I didn't know where to post this so I just went with general. We put together a nice tube system to save the shipping department from going up and down the stairs 100 times a day.

We've got a nice shop onsite and build all sorts of stuff to keep our business going so hopefully I'll post other stuff in the future too. This is our first video. Shows in great detail how to make a pneumatic tube system for real cheap and pretty quickly. Only basic tools needed.


----------



## kwikfishron (Mar 11, 2010)

Very cool DL, I moved this to Project Showcase for you.

Welcome to the site!


----------



## DLawlessHardwar (Oct 23, 2012)

kwikfishron said:


> Welcome to the site!


Thanks a lot! Hopefully we'll churn a few more things out soon to post. It's much easier to just do something than to do something and video tape it as I'm sure many here know.

Have a good one.


----------



## Firefighter3244 (Feb 21, 2011)

Cool! Question/possible tip. Once it's sent one way, it doesn't go anywhere once turned off right. 
Putting a short timer on it would allow you to press a button to send it and since it takes 5 seconds (as an example) to get there you could set the timer to 6 seconds and you wouldn't have to manually shut off the system each time. Basically an Auto shut off feature....
Might save wear/tear and the noise. :shrugs: Just ideas!


----------



## DLawlessHardwar (Oct 23, 2012)

Firefighter3244 said:


> Cool! Question/possible tip. Once it's sent one way, it doesn't go anywhere once turned off right.


Thanks for the interest!

As with building anything you kinda roll with the punches once it's done. In theory you are correct. A timer would work great on ours because the cannister does just stick at the top. HOWEVER, we didn't design it that way and it was just luck that it did stay up there and not slide back down.
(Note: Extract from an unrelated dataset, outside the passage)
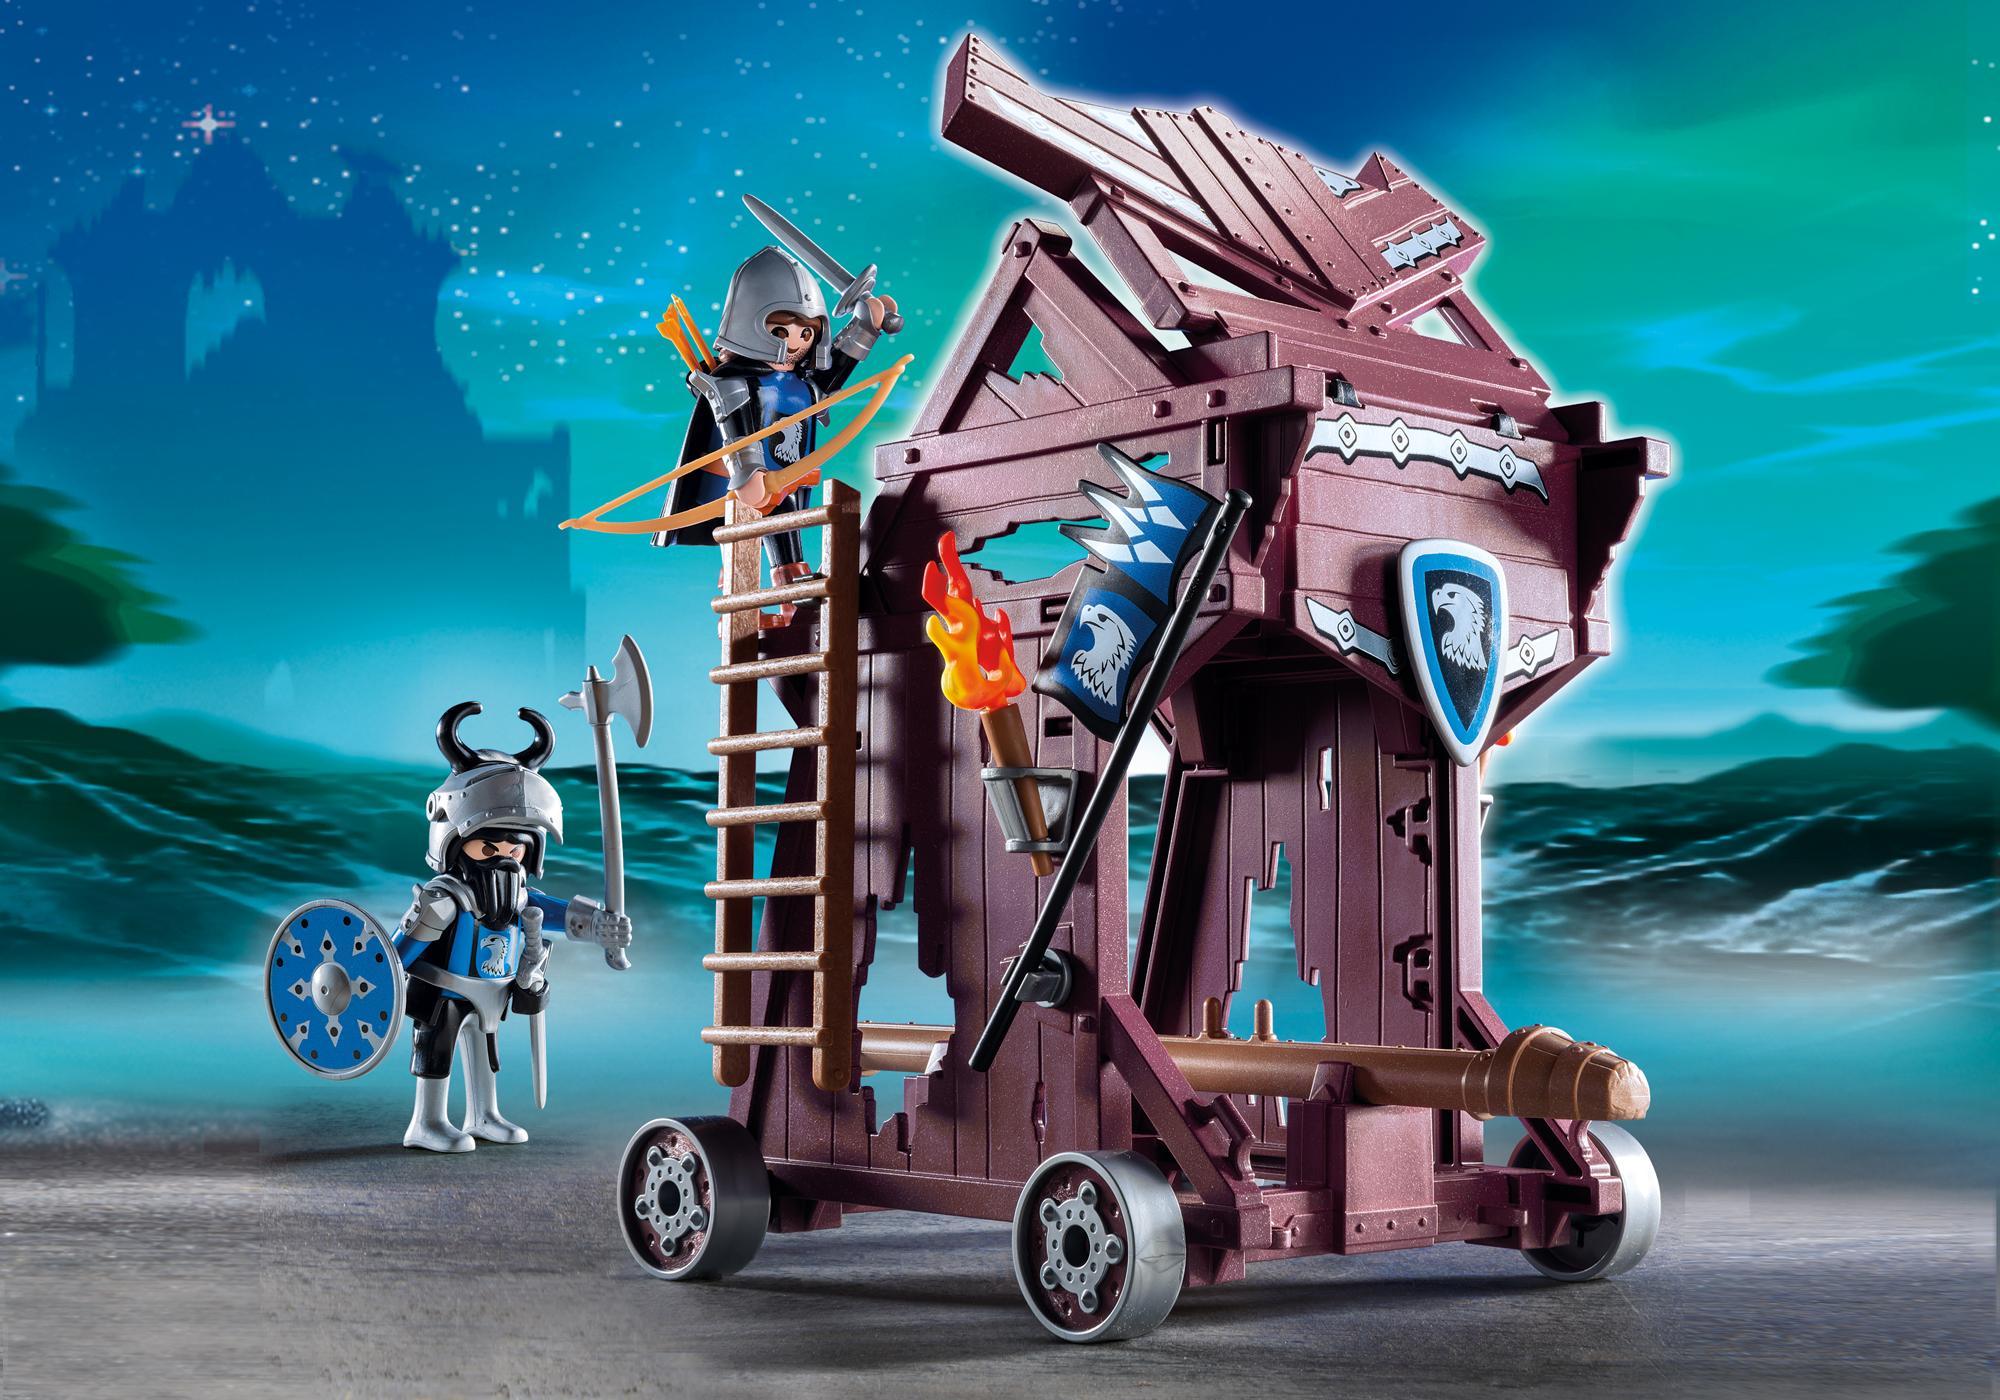 http://media.playmobil.com/i/playmobil/6628_product_detail/Соперничество Рыцарей: Рыцари Орла атакуют Башню

We anticipated leaving it on until someone grabbed it or that we'd have to tweak it once we finished. Luckily that wasn't the case and there is enough friction at the top for it to stay. Our goes up an industrial staircase so the grade isn't that steep which helps. If it was much steeper we'd have to rig something up to get it from sliding back down.

Now you could surely put something with a bit of stick or friction at the top and it'd stick for sure. But it was not necessary for us.


----------